他們的談話內容無人知曉,只是蕭凜從承乾宮出來時,臉色又蒼白了幾分,整個人就像是失了魂般。
冷鋒看到他的樣子,滿眼都是擔憂之色。
蕭凜從宮中出來,沒有回他的殘王府,而是去了楚國公府。
楚沁柔看著他那破碎的樣子,心也跟著一顫,突然發現,自己竟然會心疼他。
「你怎麼了?」
說著就習慣性地給他倒了一杯茶水,餵到他的嘴邊:「來,先喝口水。
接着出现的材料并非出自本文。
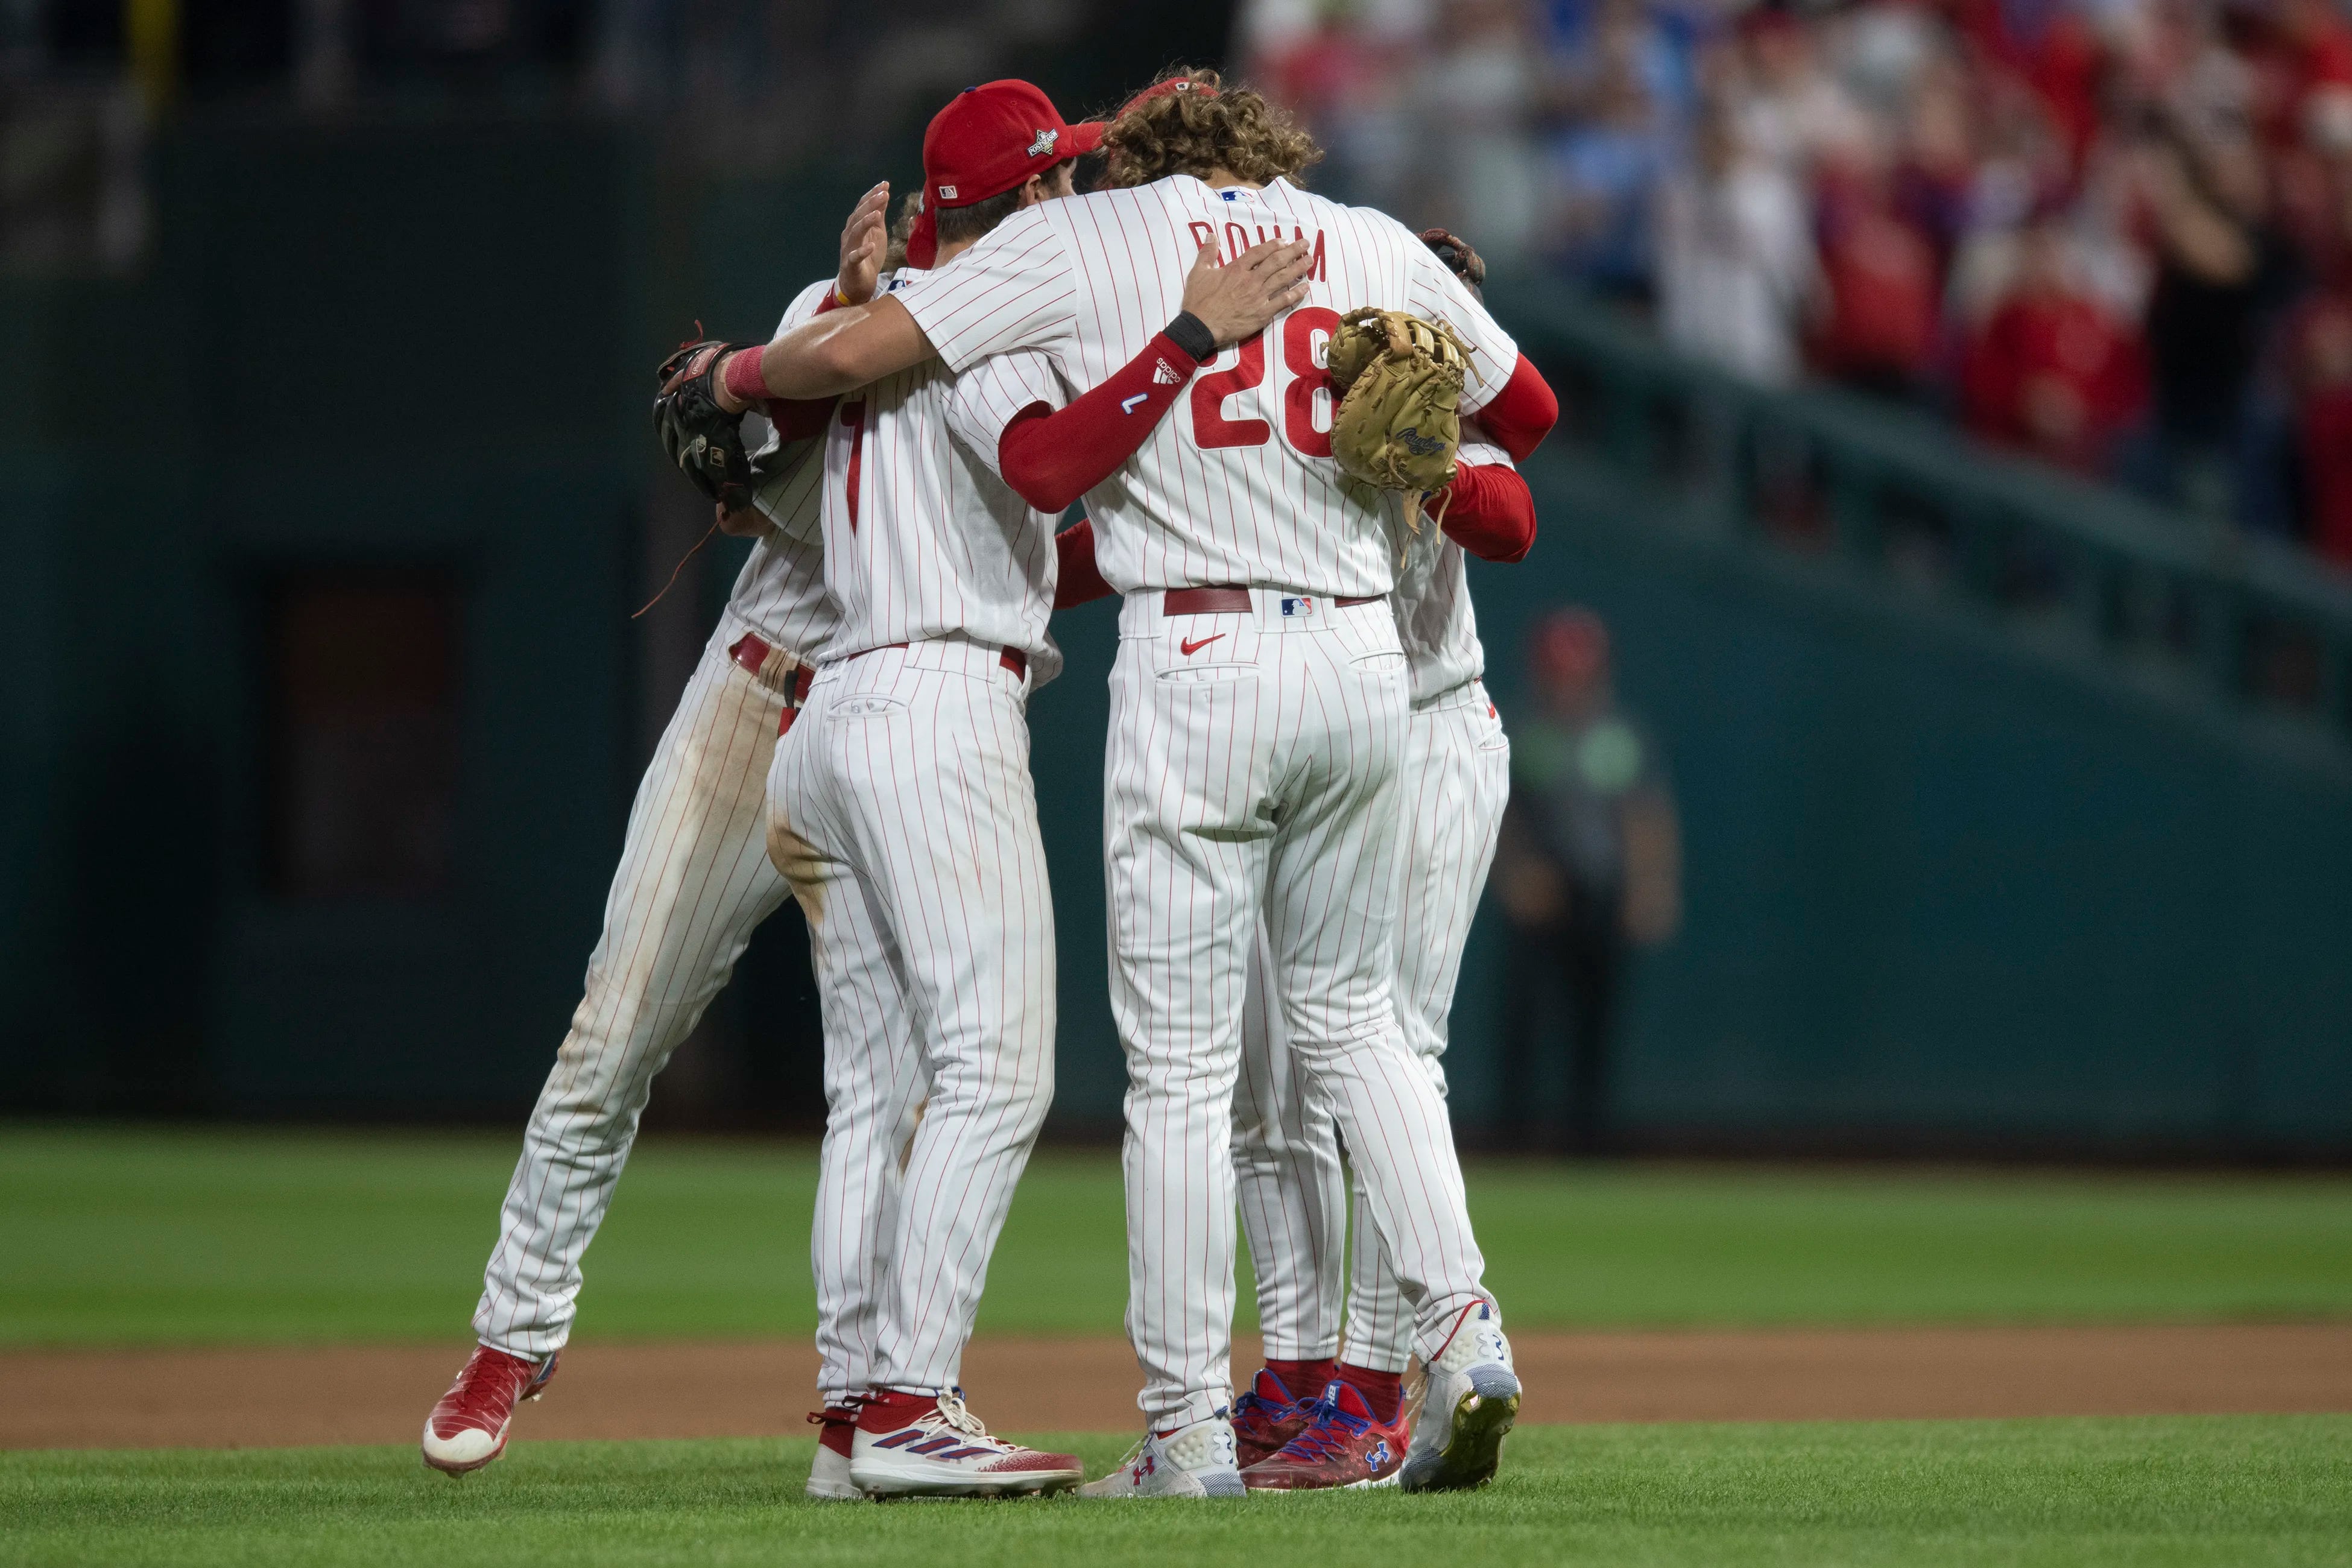 Phillies vs. Braves: MLB National League Division Series Game 3

」
蕭凜接過茶水,一口氣喝完之後,脆弱道:「柔兒,你能不能抱抱我?」
那雙漂亮的桃花眼儘是脆弱與哀求。
楚沁柔心中一酸,伸出手雙手來將他抱入懷中,輕輕拍打著他的後背,像是在哄著一個孩子:
「沒有事了,莫要想太多,你若累了,就好好睡上一覺。」
她沒有問他發生了什麼事情,才會讓他變得如此脆弱,因為他若想講,自然會說給她聽。
若不想講,那就是他的秘密。
堅強如他,哪怕是被自己父親拋棄,下毒,都能夠熬了過來,如今這般脆弱,一定是那件事情對他打擊太大了。
蕭凜好似真的找到了安慰的港灣,竟然在楚沁柔的輕哄中慢慢睡了過去。
聽著他均勻的呼吸聲,楚沁柔輕輕將他抱上床榻。
這一次,她沒有嫌棄他占了自己的床。
看著蕭凜沉睡的睡顏,那張美到雌雄莫辨的臉此刻竟然如此恬靜。
只是那皮膚太過蒼白。
還有那又長又卷的長睫上,竟然還掛著兩滴淚珠,看得楚沁柔心口一緊。
不由得伸出一根手指來,輕輕拭去他眼睫上的淚珠。
動作輕柔,仿佛生怕驚擾到他的美夢。
手從他臉上划過,忍不住輕輕摸了摸,觸感竟然如此冰涼,仿佛能將她的手指凍傷。
長年體溫如此冰冷,也不知道他是如何熬了過來,長到這麼大的。
蕭凜仿佛已經睡熟,卻還是不安,突然捉住了楚沁柔的手,緊緊握在手中,口中呢喃著:
「柔兒,別離開我,別拋棄我,好不好,我只剩下你了,別不要我!」
楚沁柔看著他皺起的眉頭,還有那仿佛不安的神情,明明沒有清醒,卻讓人無法抗拒他的要求,只能輕聲安慰著:
「我不離開,你好好睡一覺吧,睡醒了,一切就都好了。」
許是聽到了她的話,他竟然鬆開了她的手,眉頭也跟著舒展起來,乖得像一個聽話的瓷娃娃。
楚沁柔知道他累極了。
以他的身體,從昨天一直到現在才休息一下,確實已經到了極限。
她就這麼守在床邊,看著他的睡顏,眼神不知不覺間就軟成了一攤水。